# ambrosia maple cutting board



## brown down (Mar 2, 2010)

I got a great deal on a 9' board of ambrosia maple. I haven't figured out how i will seal the holes that the ambrosia beetle made.


----------



## TexasTimbers (Oct 17, 2006)

Looks great. How 'bout injecting them with black epoxy using a big vet needle, leave the epoxy just a hair proud of the hole, then sand? 




.


----------



## brown down (Mar 2, 2010)

thats something woodcraft would carry, needle and all? thats what i was thinking but didn't know where i could get the needle!!


----------



## TexasTimbers (Oct 17, 2006)

brown down said:


> . . . thats what i was thinking but didn't know where i could get the needle!!

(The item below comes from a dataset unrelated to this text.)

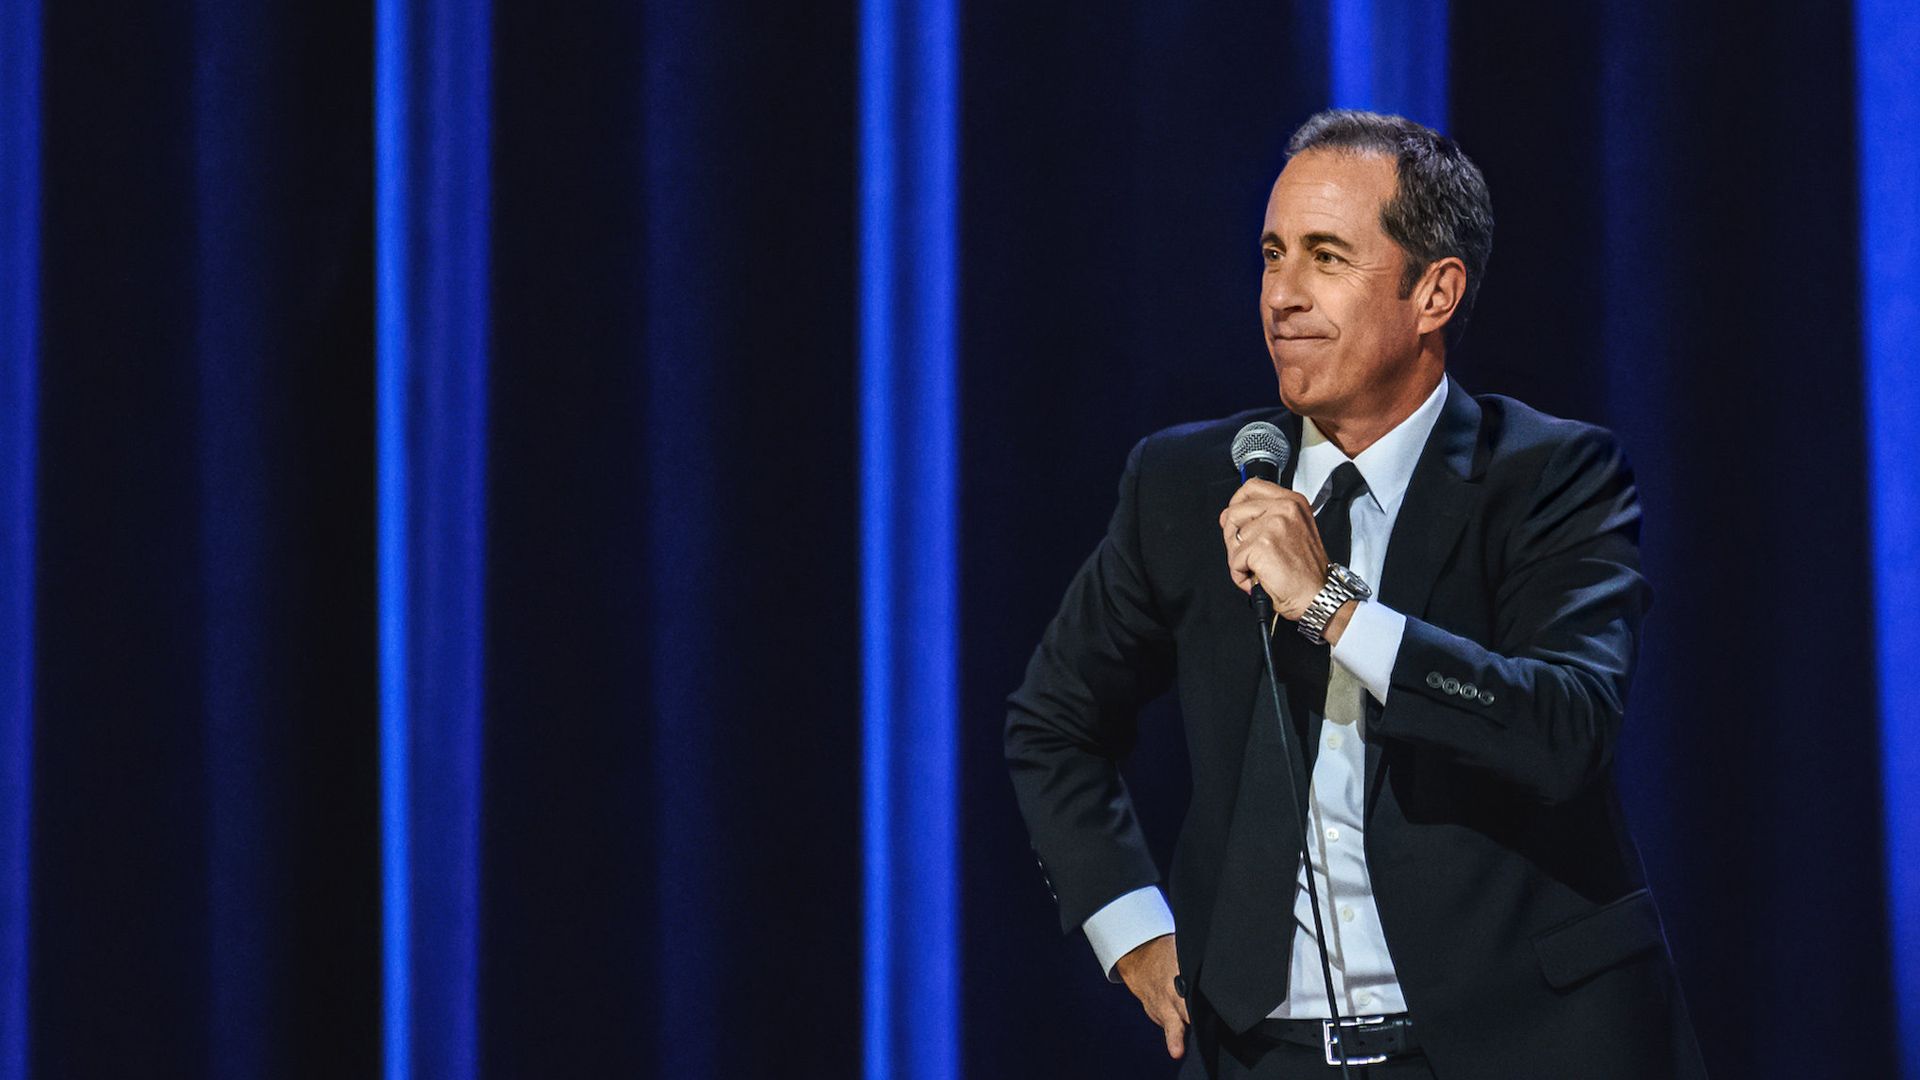 Jerry Seinfeld: 23 Hours to Kill background

Any farm and ranch center will carry veterinarian supplies for those of us who can do most of our own shots and what-nots for our pets and livestock. You don't really need a hypo for it but unless you use one, you'll have a hard time getting enough in the hole in order to be thick enough to stand up to hacking and slicing and chopping. 

Not knocking your decision to use that species long grain, but Ambrosia Maple is pretty soft and won't take much abuse that way. End grain is best but unless you have a lot of streaks I realize it can look better long grain instead of end. 





.


----------